» Required action
Which lines in the data below contain the word "with"? Copy each of them.

» Data extracts
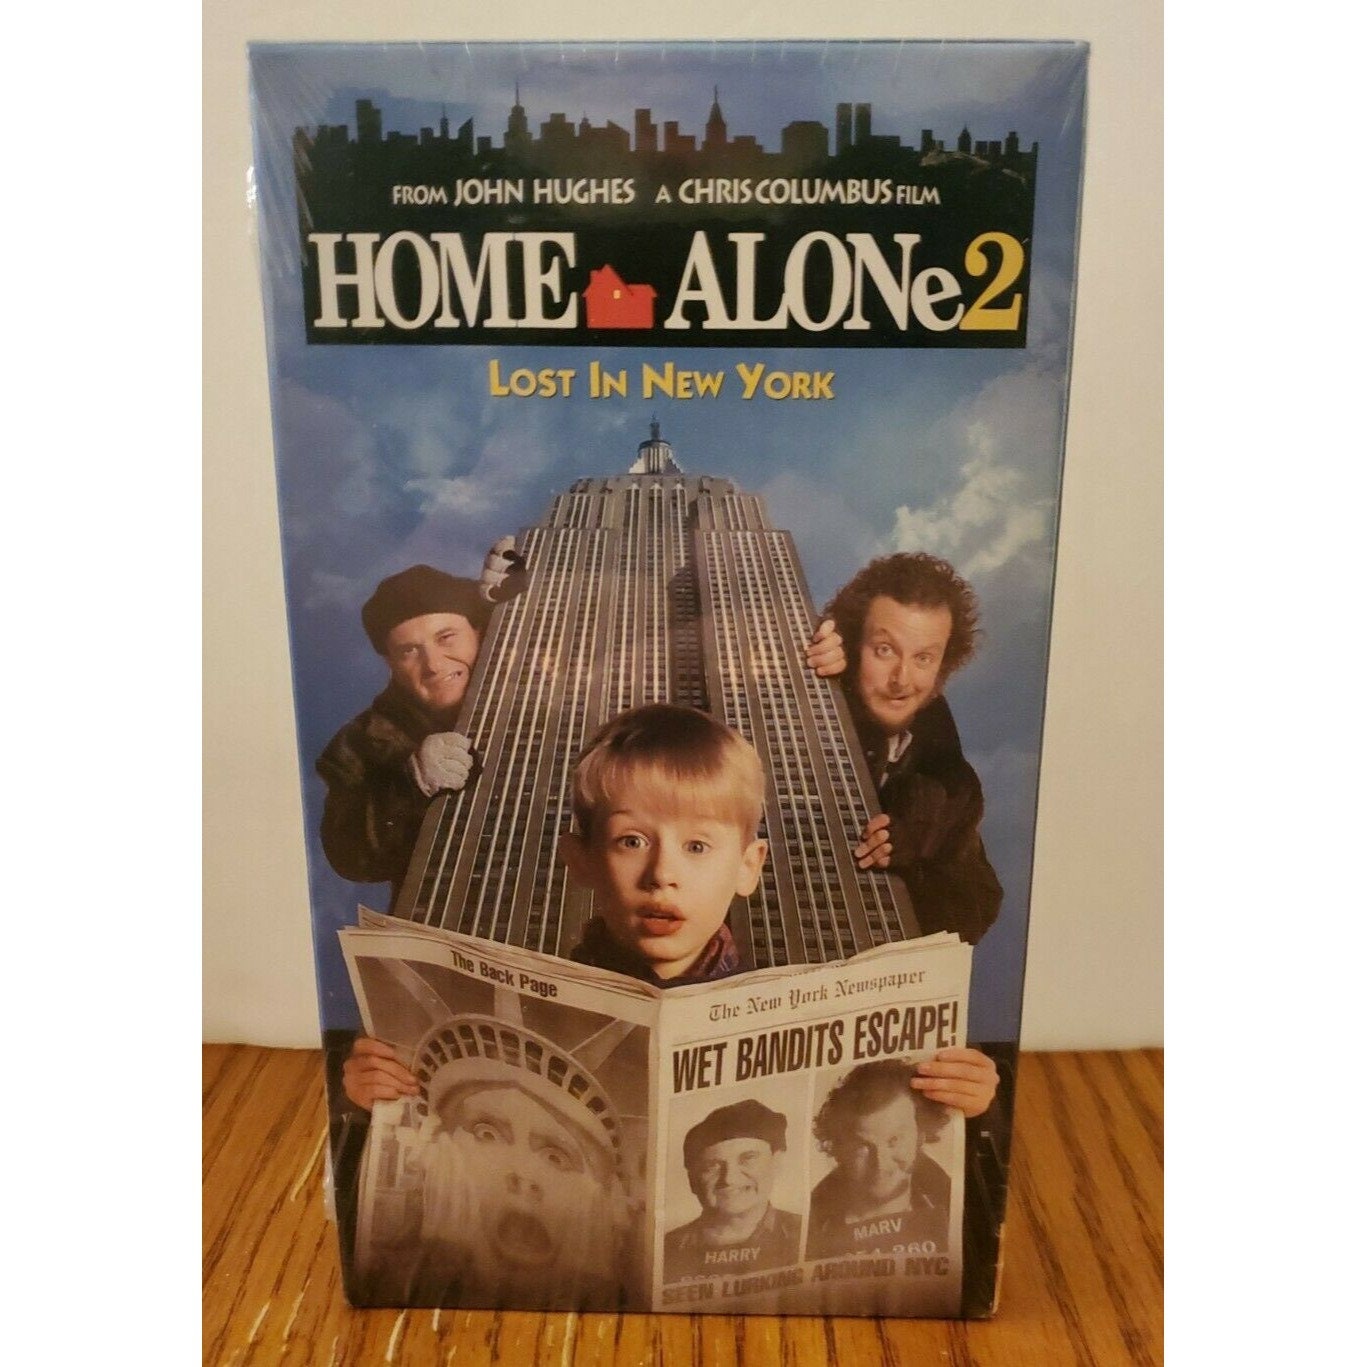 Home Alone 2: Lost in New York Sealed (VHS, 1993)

--

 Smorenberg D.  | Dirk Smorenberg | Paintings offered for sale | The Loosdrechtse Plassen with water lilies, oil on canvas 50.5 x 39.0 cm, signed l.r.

==

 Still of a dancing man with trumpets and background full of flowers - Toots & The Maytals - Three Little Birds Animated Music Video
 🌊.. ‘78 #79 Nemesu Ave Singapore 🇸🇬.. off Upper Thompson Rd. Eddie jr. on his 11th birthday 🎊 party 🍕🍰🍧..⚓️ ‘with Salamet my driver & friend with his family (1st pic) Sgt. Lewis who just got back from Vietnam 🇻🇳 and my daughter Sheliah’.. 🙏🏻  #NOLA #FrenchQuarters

» Result of the task
 Smorenberg D.  | Dirk Smorenberg | Paintings offered for sale | The Loosdrechtse Plassen with water lilies, oil on canvas 50.5 x 39.0 cm, signed l.r.
 Still of a dancing man with trumpets and background full of flowers - Toots & The Maytals - Three Little Birds Animated Music Video
 🌊.. ‘78 #79 Nemesu Ave Singapore 🇸🇬.. off Upper Thompson Rd. Eddie jr. on his 11th birthday 🎊 party 🍕🍰🍧..⚓️ ‘with Salamet my driver & friend with his family (1st pic) Sgt. Lewis who just got back from Vietnam 🇻🇳 and my daughter Sheliah’.. 🙏🏻  #NOLA #FrenchQuarters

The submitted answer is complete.